3. Ficou claro no final deste processo que o PS e o governo regional são muito rápidos a prometer e muito lentos a executar. A ilha do Faial sente bem essa realidade. O PS apresentou-se nas eleições regionais de 2012 aos eleitores faialenses com um manifesto bem recheado com mais de 50 promessas. Ora estamos no último ano da legislatura e é pois tempo de se começar a fazer o balanço sobre o cumprimento dessas promessas. Permitam-me que dê alguns exemplos de investimentos prometidos para que cada faça a sua avaliação.

A 2ª fase do “reordenamento do porto, marina e baía da Horta” prometida para esta legislatura e que teve as seguintes verbas inscritas nos planos:

Capturar

Olhando para este quadro duas questões são legítimas: Será que no quarto ano da legislatura esta intervenção se iniciará? Onde foram parar todos estes milhões inscritos e não executados?

Em 2012, o manifesto do PS prometia, mais uma vez, a “execução da 2ª fase da Variante à cidade da Horta” que entretanto foi cancelada por opção do Governo Regional.

Prometidas também foram a reabilitação da “Estrada Regional Largo Jaime de Melo – Capelo, bem como a ligação à Ribeira Funda”. Será que essas intervenções se iniciarão e concluirão em 2016?

“Construir o novo matadouro da ilha do Faial” era outra promessa. Este era um investimento prometido para a legislatura 2008-2012 e depois foi adiado para esta. A verdade é que mesmo que se inicie não ficará concluído nesta legislatura.

Pelo mesmo caminho do incumprimento ficará a reabilitação das Termas do Varadouro, “a instalação do parque empresarial para empresas ligadas ao aproveitamento dos recursos do mar” e a criação na zona norte da ilha de “um edifício e serviço adequado ao funcionamento de um Centro de Convívio de Idosos/Centro de Noite, creche e apoio a crianças ATL).

Por estes e por muitos outros exemplos que poderiam ser dados se comprova que o que o PS promete no Faial não é para valer.

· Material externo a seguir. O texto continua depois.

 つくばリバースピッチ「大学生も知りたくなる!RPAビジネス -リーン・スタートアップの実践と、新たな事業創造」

4. Em sintonia com muitas das preocupações expressas no parecer do Conselho de Ilha ao plano, o PSD denunciou todos estes incumprimentos para com o Faial no debate do plano na Assembleia Regional. Mais uma vez ficámos sozinhos nessa denúncia pois os deputados do PS eleitos pelo Faial estão como afirmaram “de corpo e alma” com o Governo e com o PS mesmo que, por causa disso, estejam contra o Faial e contra os nossos interesses coletivos.

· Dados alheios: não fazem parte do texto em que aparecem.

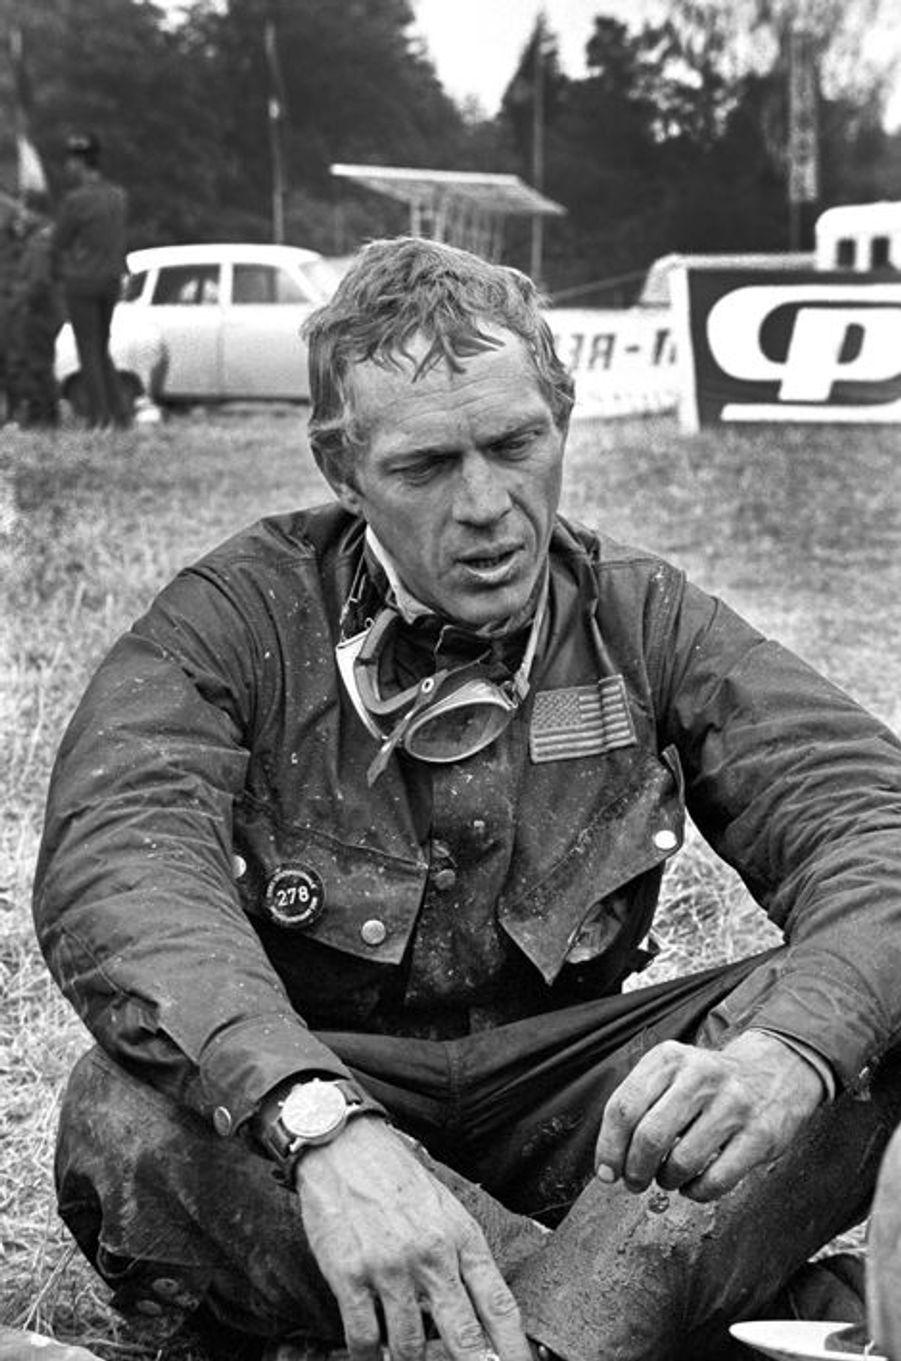 Juillet 1964. Pour Steve McQueen, les vacances c'est les potes, des engins à moteur de toutes cylindrées, et parler pendant des heures de carburateur, et de vitesse de pointe. Ici il est à Erfurt avec son équipe de mécanos, en Allemagne de l'Est pour participer au championnat du monde de moto-cross qui durent six jours. Il y a de la boue, des cigarettes, de la bière et sa bande. Steve est aux anges.

E o exemplo que dou a seguir é bem demonstrativo dessa infeliz realidade. No âmbito do debate do orçamento para 2015, o BE propôs o seguinte: “Fica o Governo Regional mandatado para negociar com o Governo da República no âmbito dos Projetos de Interesse Comum, nos termos Estatutários, o processo para implementação na Região Autónoma dos Açores, do Centro Público Internacional das Ciências do Mar”.

Esta proposta foi aprovada. Independentemente do que foi feito (e sabemos que nada), o PCP propôs agora no plano para 2016 uma alteração a este artigo que em vez de defender a “implementação na Região Autónoma dos Açores” ficasse claro que essa implementação seria “na ilha do Faial”. O PS, incluindo os deputados eleitos pelo Faial, votaram contra essa alteração!

Mais uma que fica para a avaliação dos Faialenses!